Die Harmonie der Welt Teil C HINDEMITH PAUL
Classique
Description :
The opera is set in a variety of locations between the years 1608 and 1630 and throws a spotlight on individual scenes, sometimes presented simultaneously, from the life of the astronomer Johannes Kepler (1571-1630); the opera takes its name from Kepler’s theoretical work ‘Harmonices mundi’. Hindemith utilises substantial historical studies as the basis for his sketches of individuals within Kepler’s circle who each accompany the astronomer’s scientific endeavours with a variety of personal ambitions.
The military commander Wallenstein attempts to utilise Kepler’s astrological abilities to realise his own pretensions to power while Kepler’s assistant Ulrich aspires to scientific fame and recognition. Kepler’s mother urges her son to apply his scientific abilities to the services of her black magic and the Lutheran minister Hizler forbids the astronomer to receive communion because Kepler questions the doctrine of Holy Communion in the Lutheran church and expresses sympathy for Calvinist doctrine. The few figures shed in a positive light include Kepler’s wife Susanna who supports her husband’s pursuit of truth and knowledge and the child Susanna who listens to the voices of nature and the moon in her childish naivety, thereby gaining revelatory knowledge.

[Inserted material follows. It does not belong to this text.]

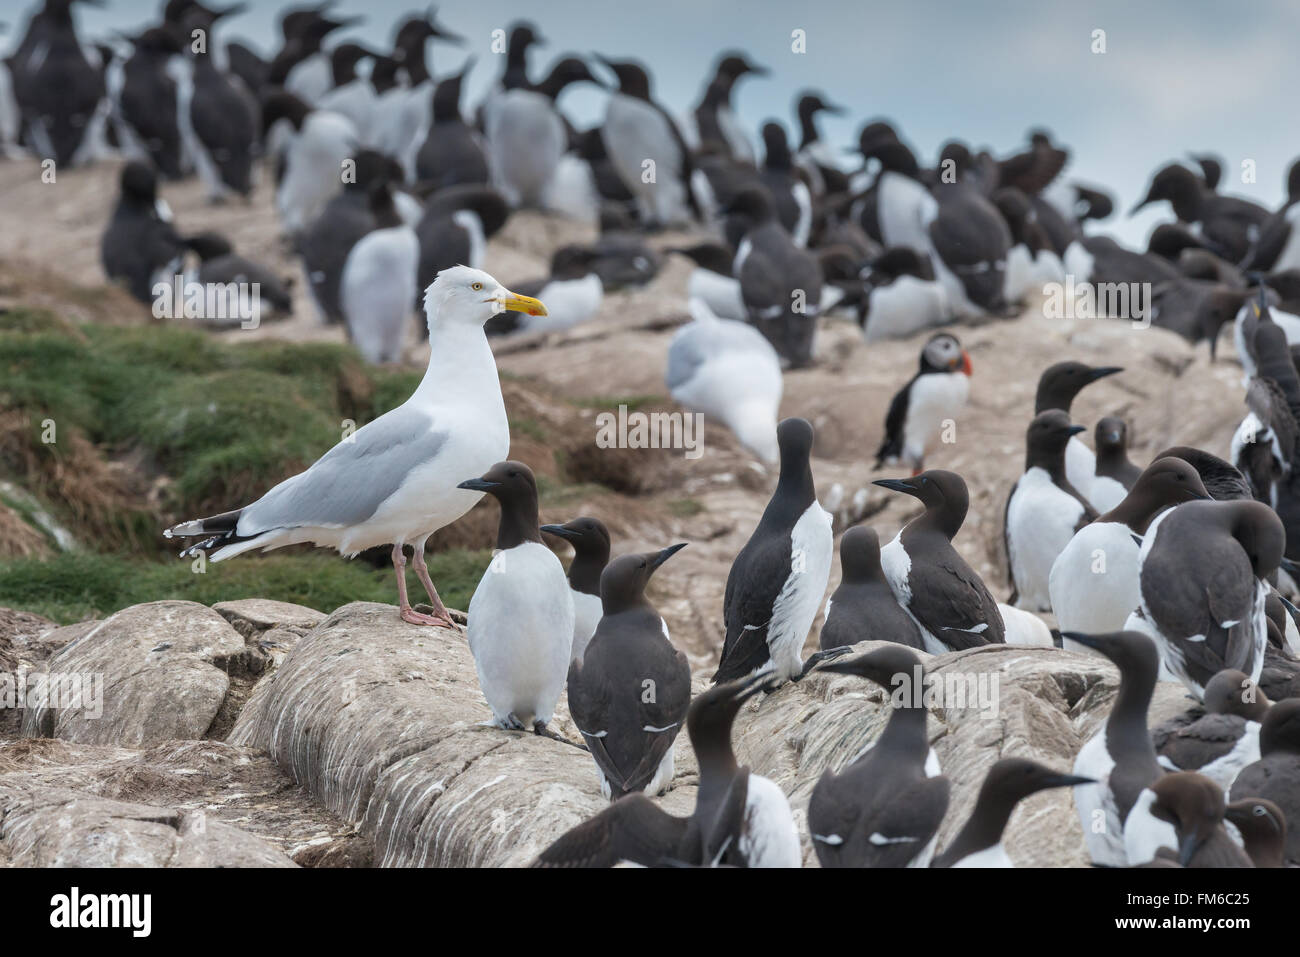 A herring gull {Larus argentatus} standing amongst a colony of guillemots {Uria aalge}, with a solitary puffin Stock Photo

At the end of his life, Kepler takes stock of his situation, succumbs to a state of resignation and considers death as the greatest harmony of all. In his state of agony, music of the spheres can be heard; the constellations appear as allegorical figures in the opera and contradict Kepler’s negative concepts: lying beyond all that can be researched by mankind is a final majestic realm with the powers to ‘permit us to be amalgamated into a gigantic harmony of the spheres.’